Raw data:
---------------

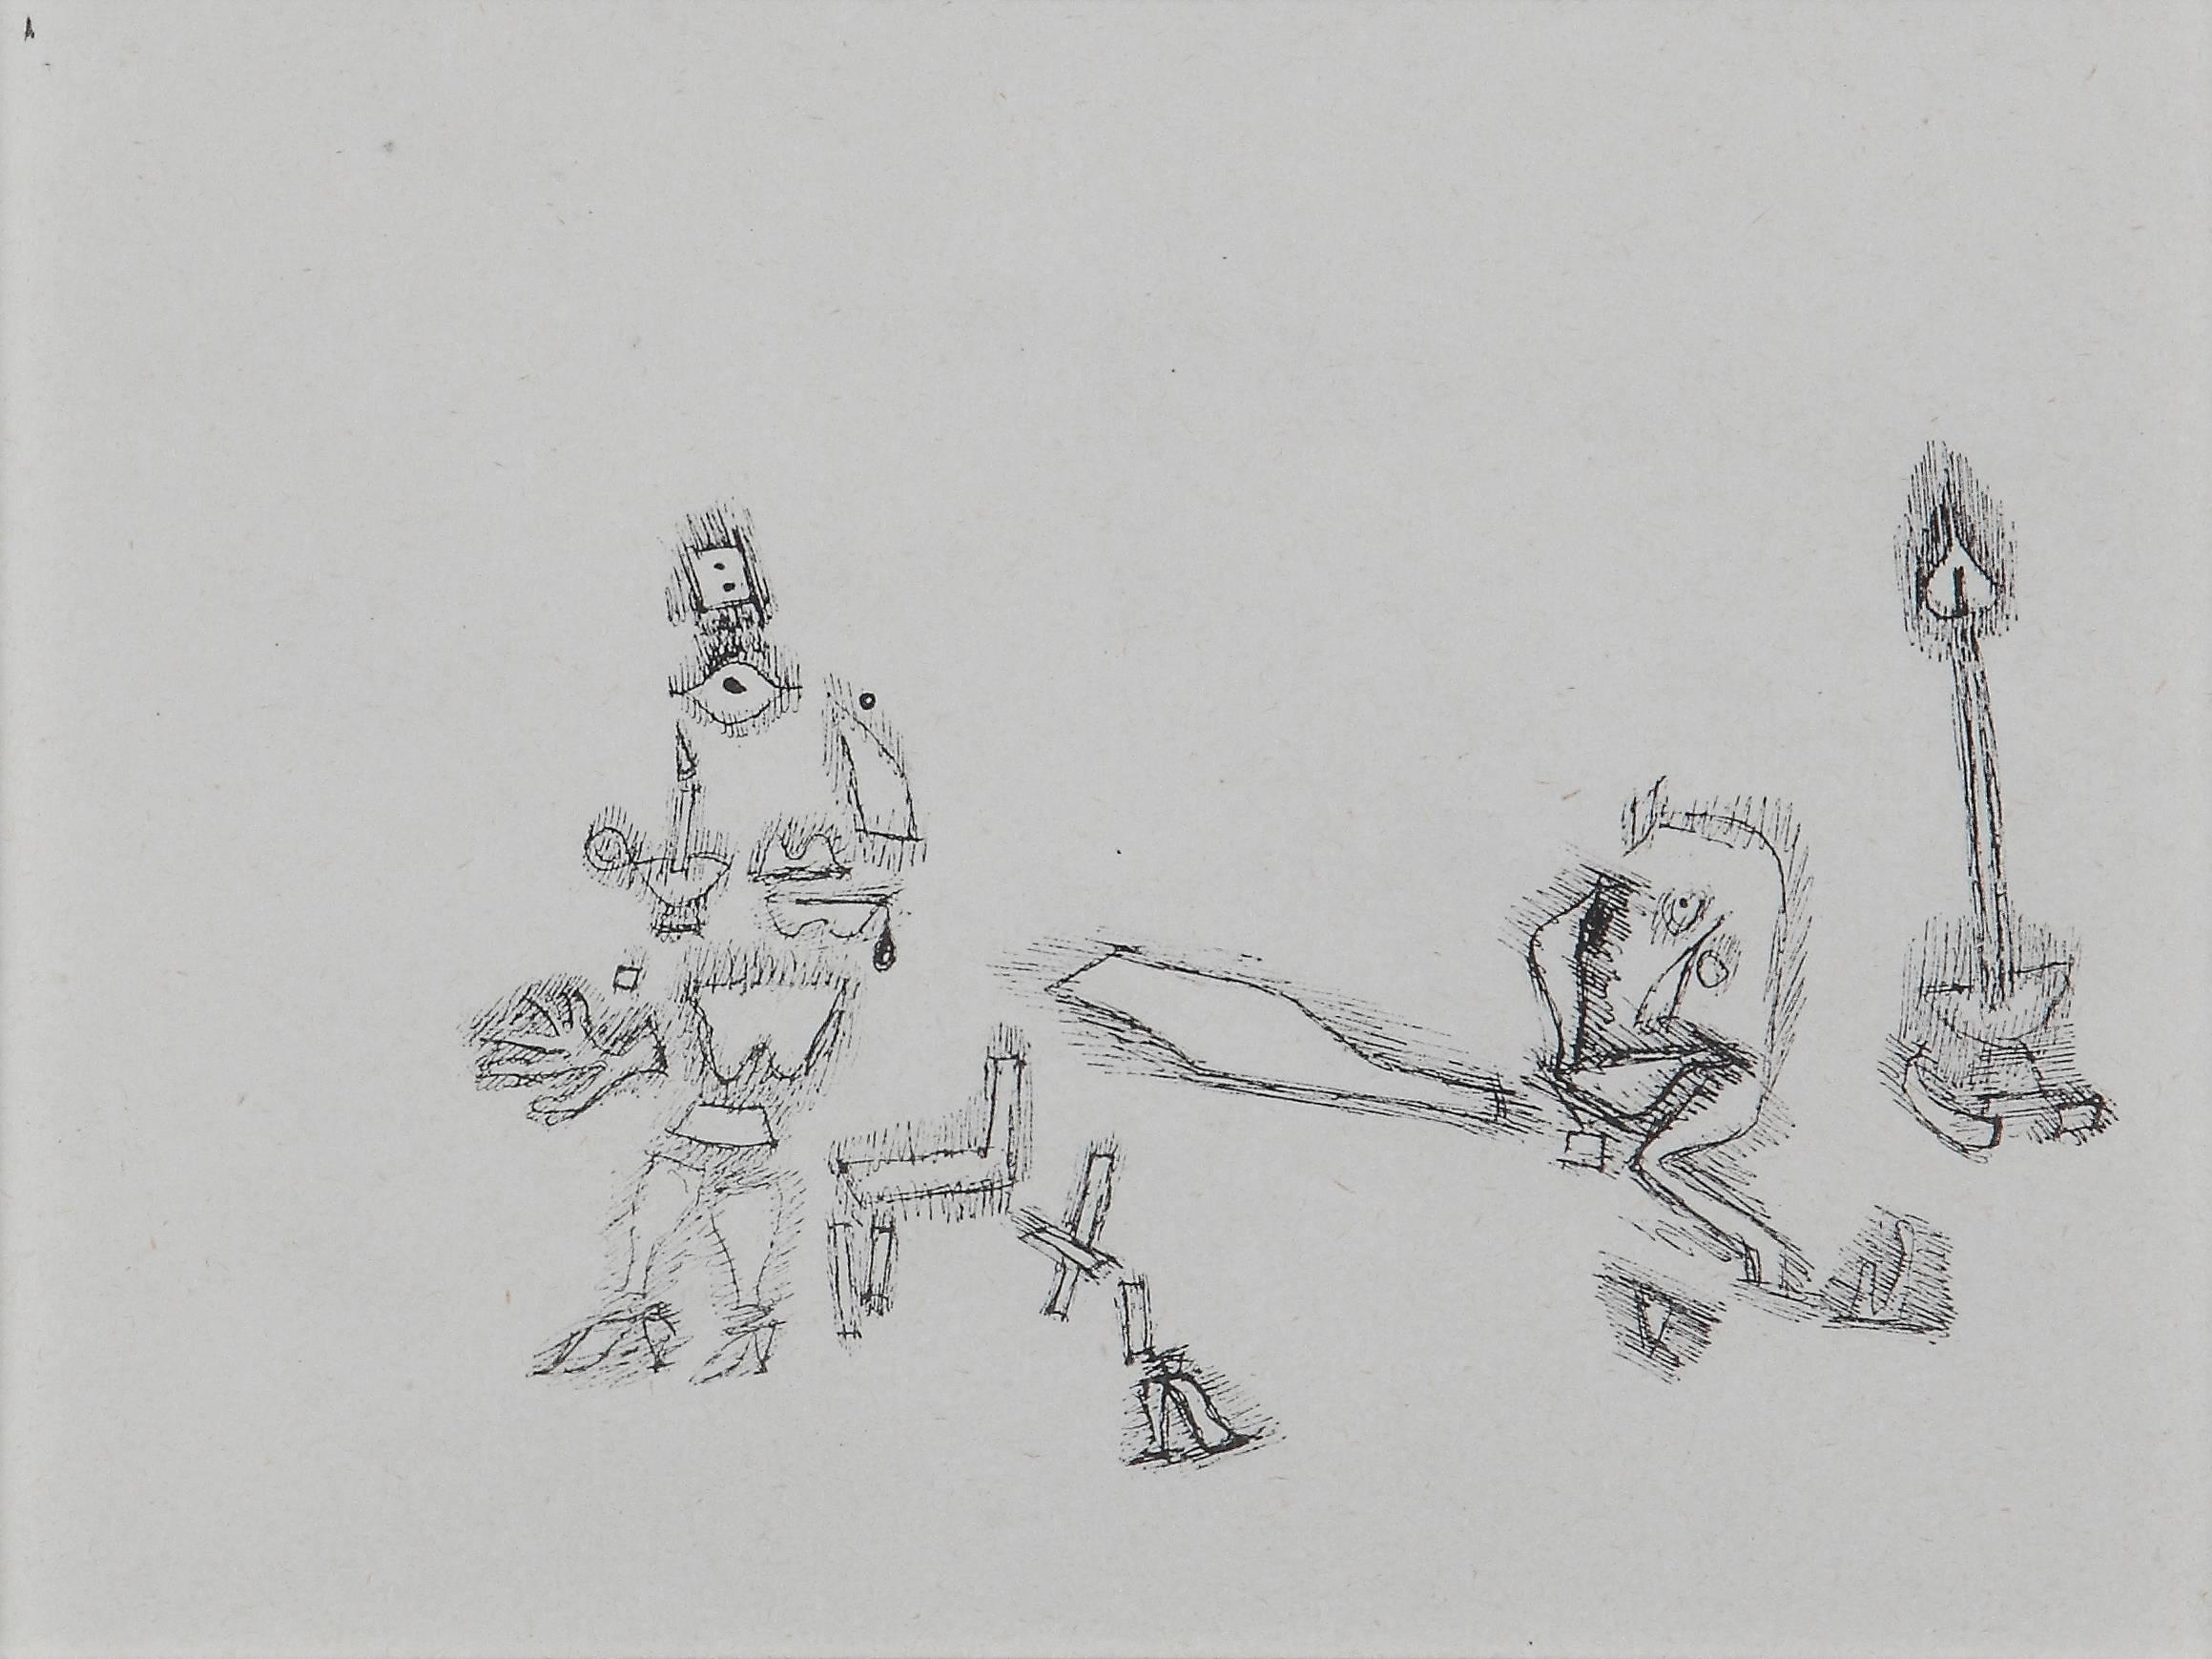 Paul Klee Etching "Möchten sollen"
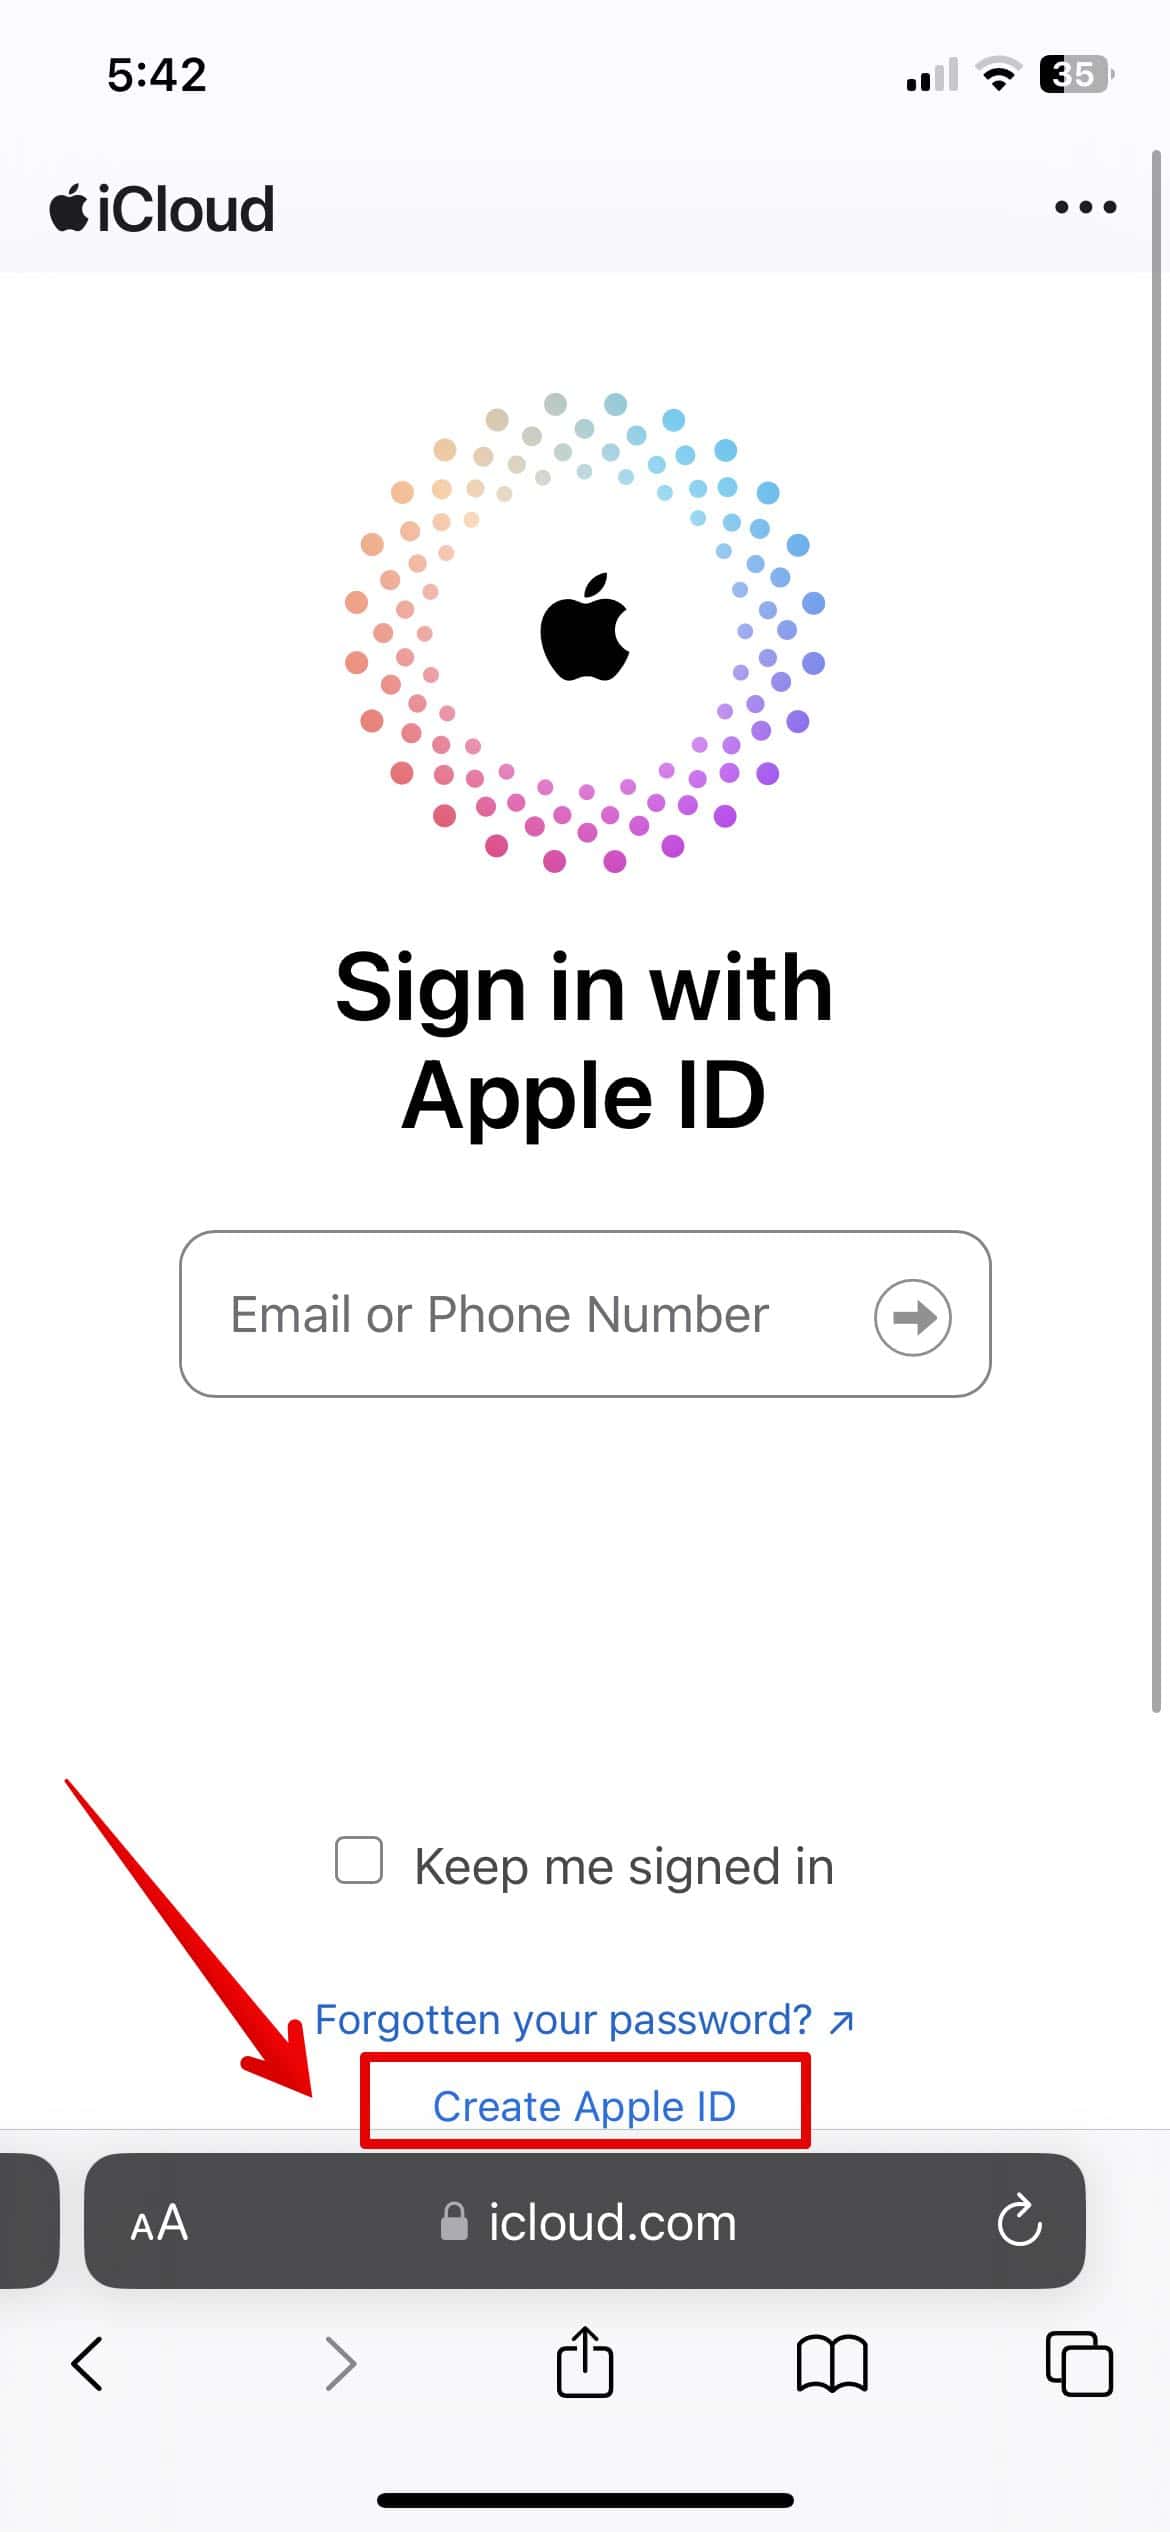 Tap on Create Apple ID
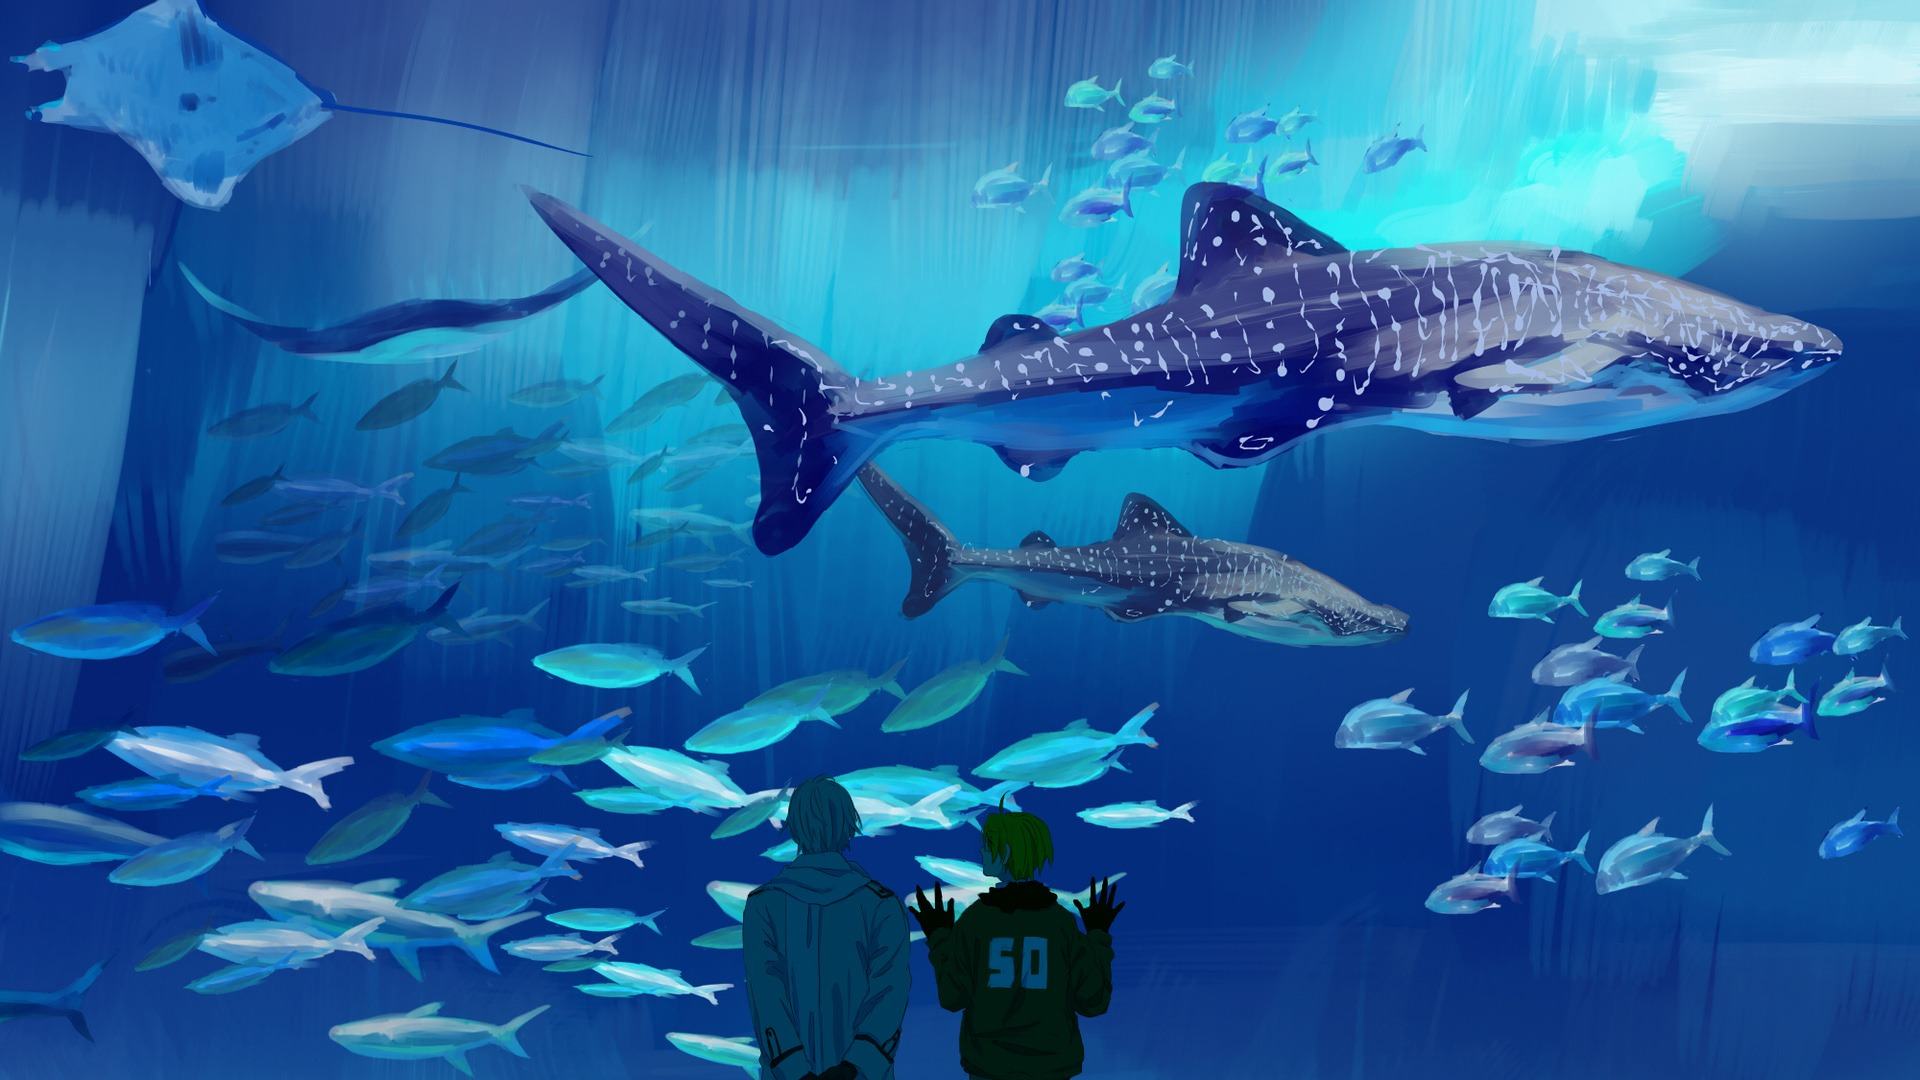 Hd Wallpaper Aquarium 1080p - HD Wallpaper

---------------

Task prompt: In your copy, restate the data above word for word but leave out any picture.

Exercise output:
 Paul Klee Etching "Möchten sollen"
 Tap on Create Apple ID
 Hd Wallpaper Aquarium 1080p - HD Wallpaper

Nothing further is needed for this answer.